Abstract

Although the risk of transfusion-transmitted hepatitis has been recently reduced, transfusion-dependent β-thalassemia patients may still develop liver disease due to viral infection or iron overload. We assessed the frequency and causes of liver dysfunction in a cohort of anti–hepatitis C virus (HCV) negative thalassemics. Of 1,481 thalassemics enrolled in 31 centers, 219 (14.8%) tested anti-HCV− by second-generation assays; 181 completed a 3-year follow-up program consisting of alanine-aminotransferase (ALT) measurement at each transfusion and anti-HCV determination by third-generation enzyme-immunoassay (EIA-3) at the end of study.

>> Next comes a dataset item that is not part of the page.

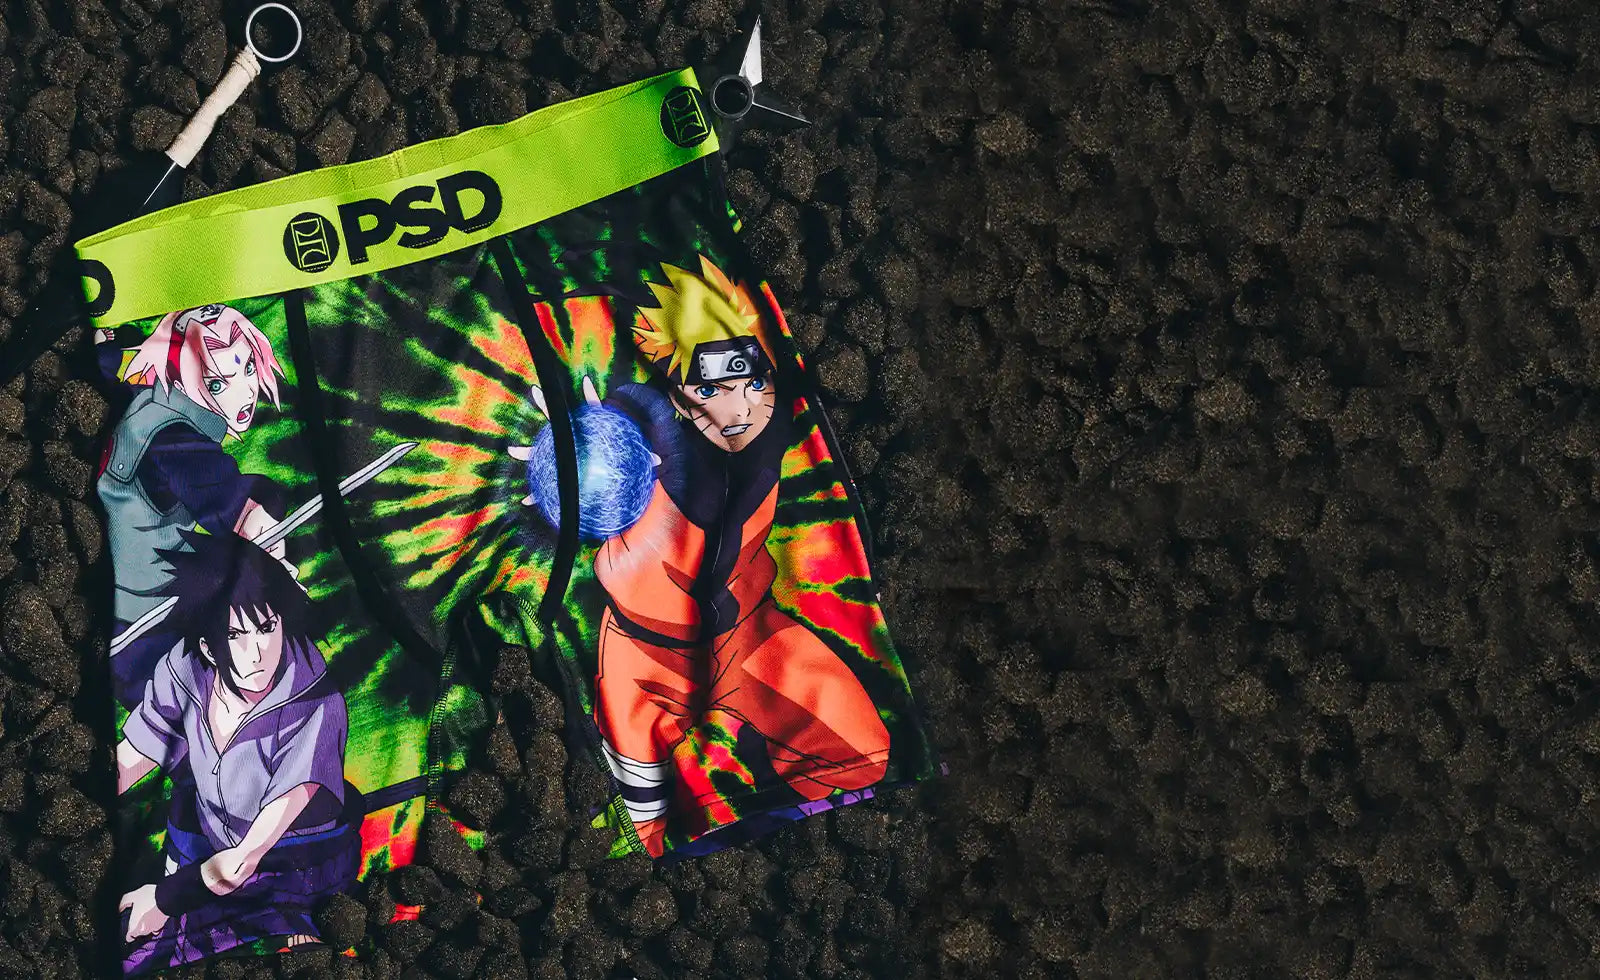 Naruto Sketch Tie-Dye Boy Shorts Underwear
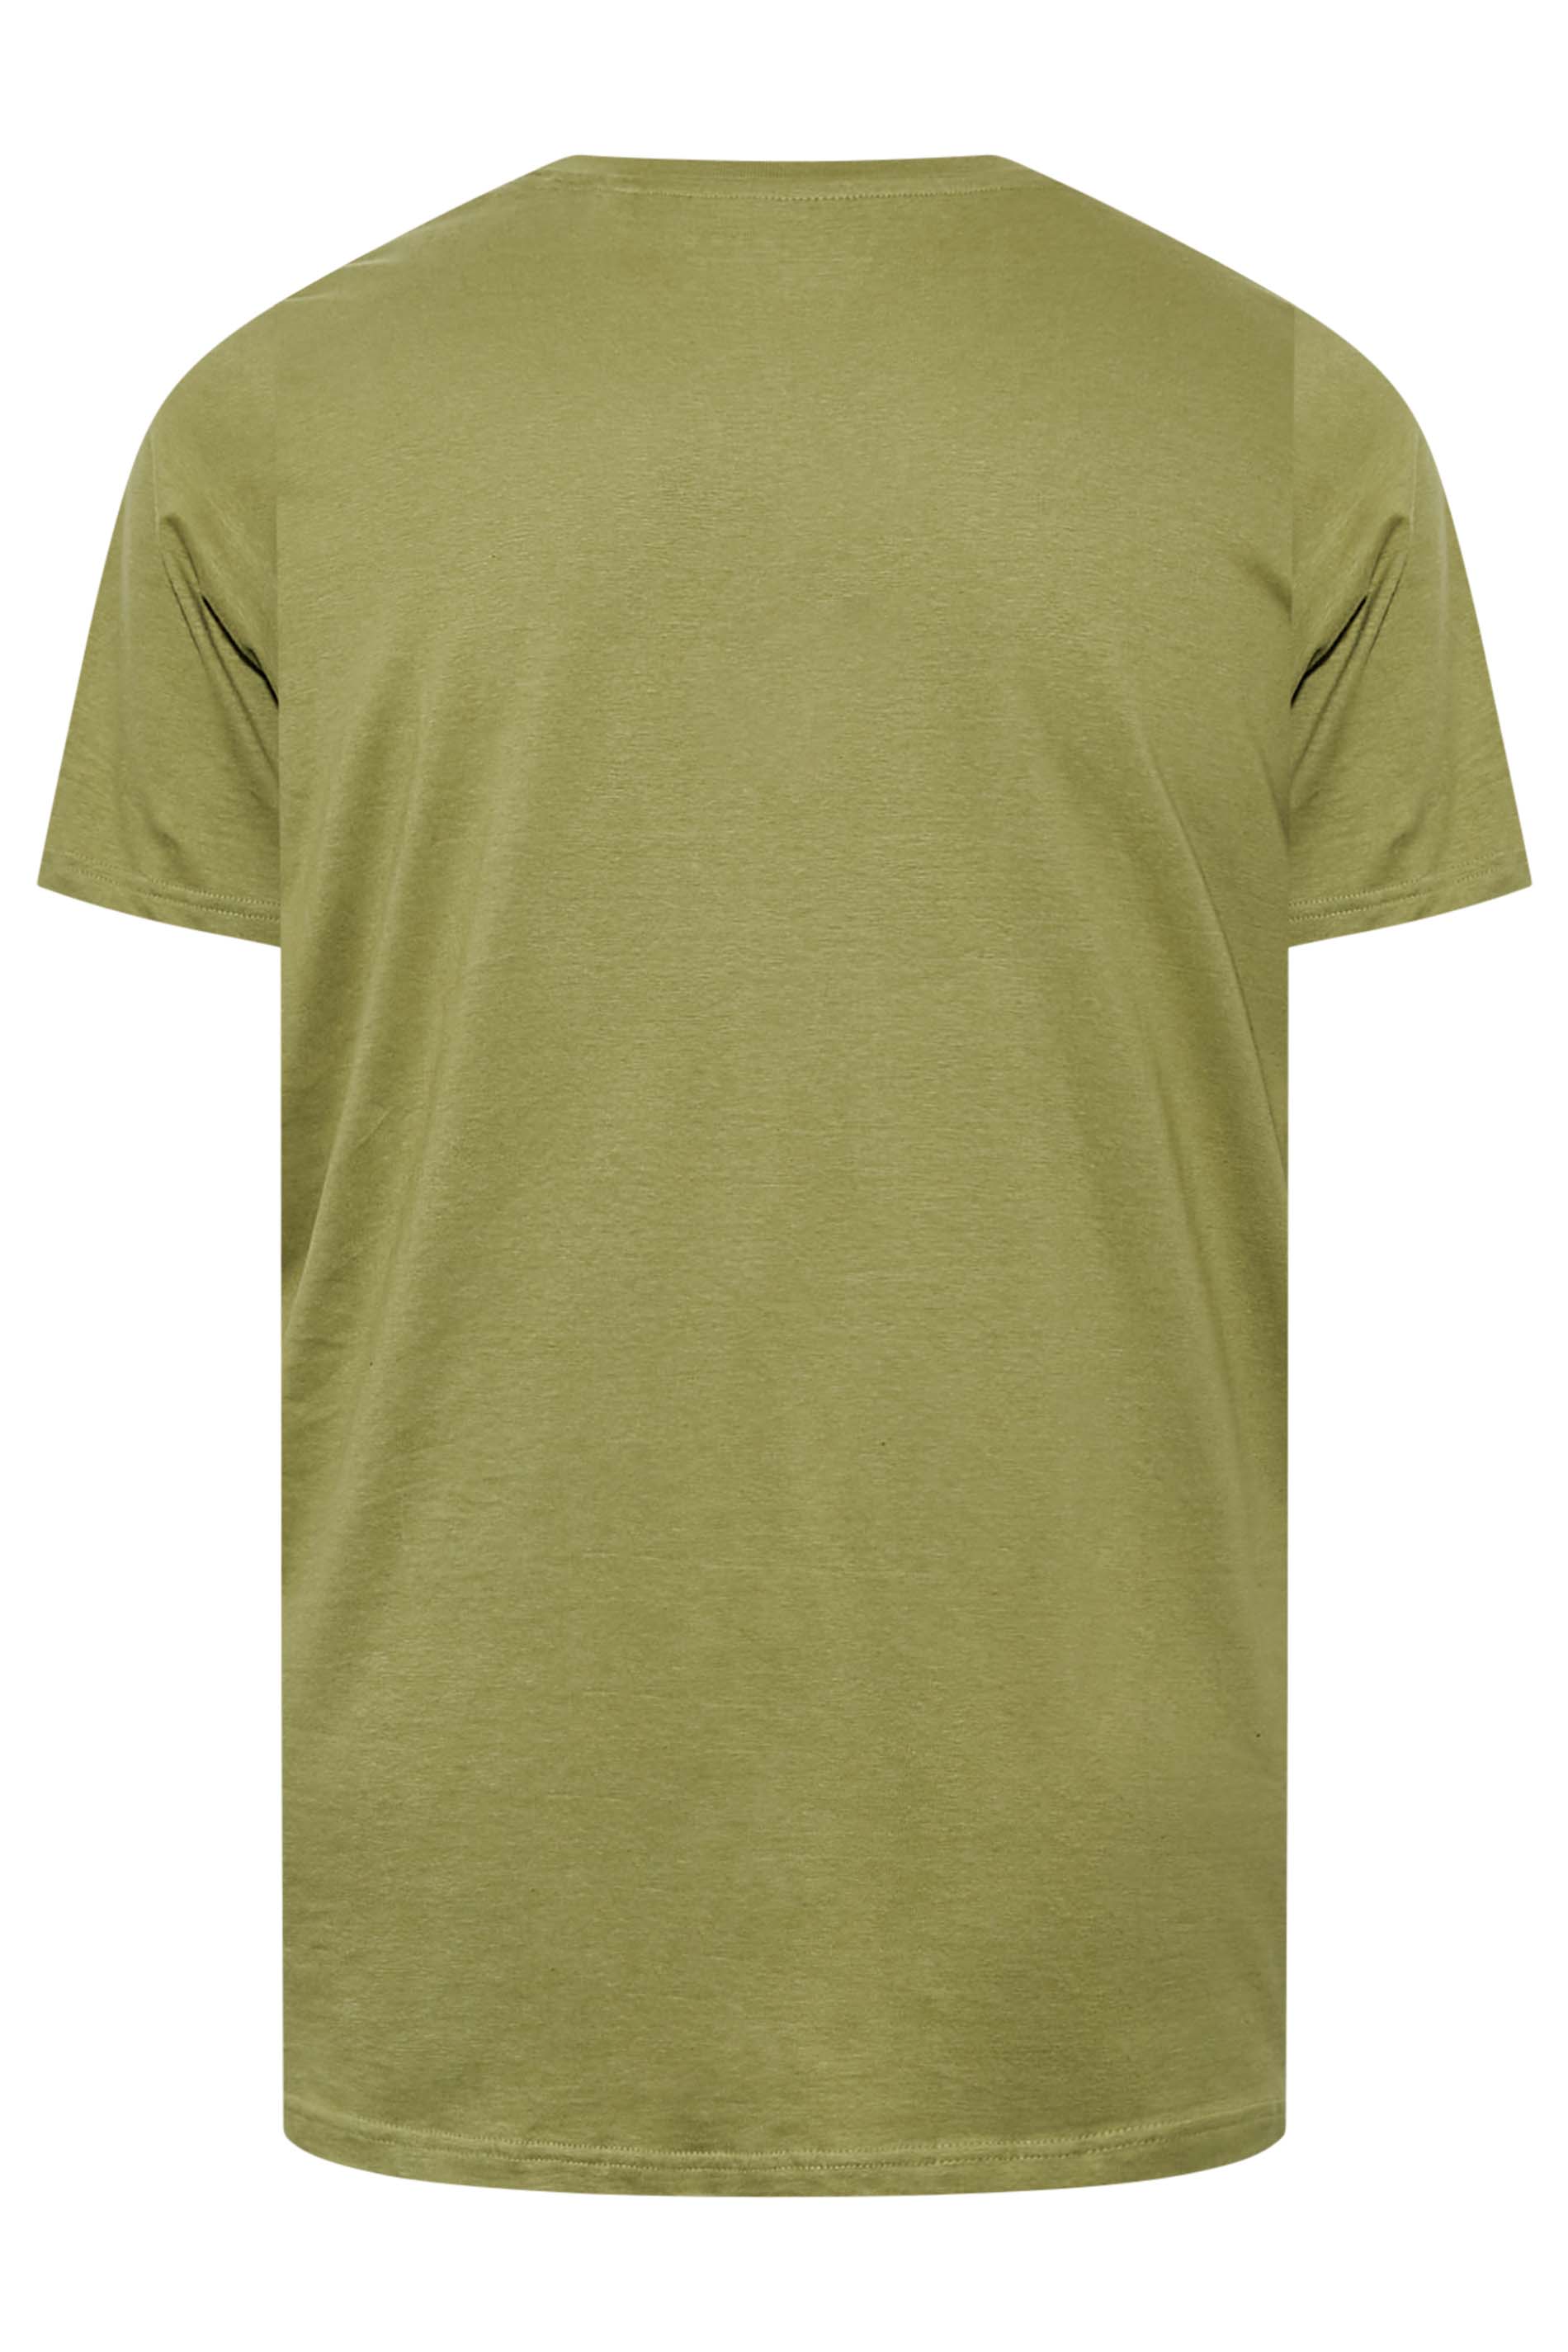 BadRhino Big & Tall Green Off Road T-Shirt | BadRhino 3

Serum ferritin levels were determined at baseline and at the end of follow-up. Ten patients were anti-HCV+ by EIA-3 at the end of follow-up. Of them, seven were already positive in 1992 to 1993 when the initial sera were retested by EIA-3, one tested indeterminate by confirmatory assay, and two had true seroconversion (incidence, 4.27/1,000 person years; risk of infection, 1/7,100 blood units, 95% confidence interval [CI], 1 in 2,000-1 in 71,000 units). At baseline, 67 of 174 thalassemics had abnormal ALT. Of those with normal ALT, seven subsequently developed at least one episode of moderate ALT increase (incidence, 24.6/1,000 person-years). All of the 20 patients with ferritin values ≥3,000 ng/mL had clinically relevant ALT abnormalities, as compared with 53 of 151 with <3,000 ng/mL (P< .005). Hepatic dysfunction is still frequent in thalassemics. Although it is mainly attributable to siderosis and primary HCV infection, the role of undiscovered transmissible agents cannot be excluded. © 1998 by The American Society of Hematology.